This repository contains the official implementation of SOT-DiCoW (submitted to ASRU 2025).
This repository is a fork of the previous work TS-ASR Whisper available on GitHUB.
- Clone the repository:
git clone ...; cd ...
- Setup python environment (using conda or virtual environment):
- Install packages:
pip install -r requirements.txt
- Change all the paths in
configs/local_paths.sh
(variables are explained below) based on your setup - Change paths in
scripts/data/prepare.sh
if needed (by default, data is going to be prepared and saved to./data
) and execute it to prepare the data - Run the code
Our codebase uses Hydra configuration package. All config yaml files are located in ./configs
. The base configuration file with default values is configs/base.yaml
(all the parameters are explained below).

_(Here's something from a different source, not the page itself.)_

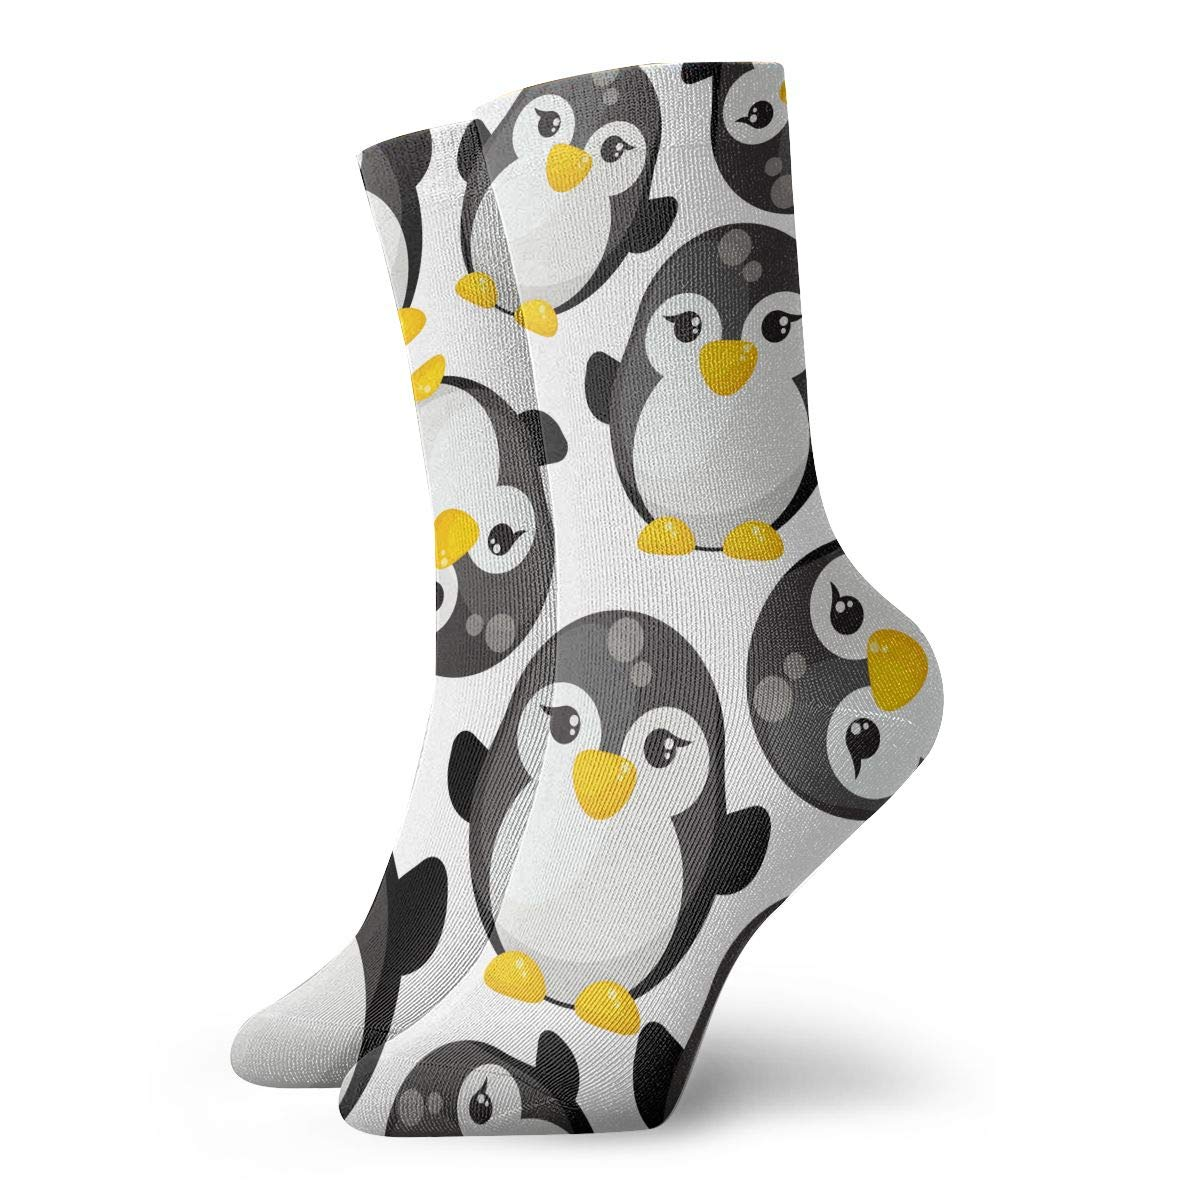 Cute Cartoon Penguins Unisex Funny Casual Crew Socks Athletic Socks For Boys Girls Kids Teenagers

To replicate the ASRU experiments, please run one of these commands:
# local node
python src/main.py +asru=sot_dicow/sot_dicow
torchrun --standalone --nnodes=1 --nproc-per-node=4 src/main.py +asru=sot_dicow/sot_dicow
# SGE
CFG="+asru=sot_dicow/sot_dicow" qsub scripts/training/submit_sge.sh
# PBS
CFG="+asru=sot_dicow/sot_dicow" qsub scripts/training/submit_pbs.sh
# SLURM
sbatch scripts/training/submit_slurm.sh +asru=sot_dicow/sot_dicow
As you can see above, the configs are not specified via yaml file paths. Instead, Hydra uses so-called "config groups". All of our config files contain # @package _global_
on the first line, which specifies that the given values are overwriting the global default values specified in ./configs/base.yaml
. If the line is not present in the config yaml file, Hydra will produce a nested object based on the relative file path.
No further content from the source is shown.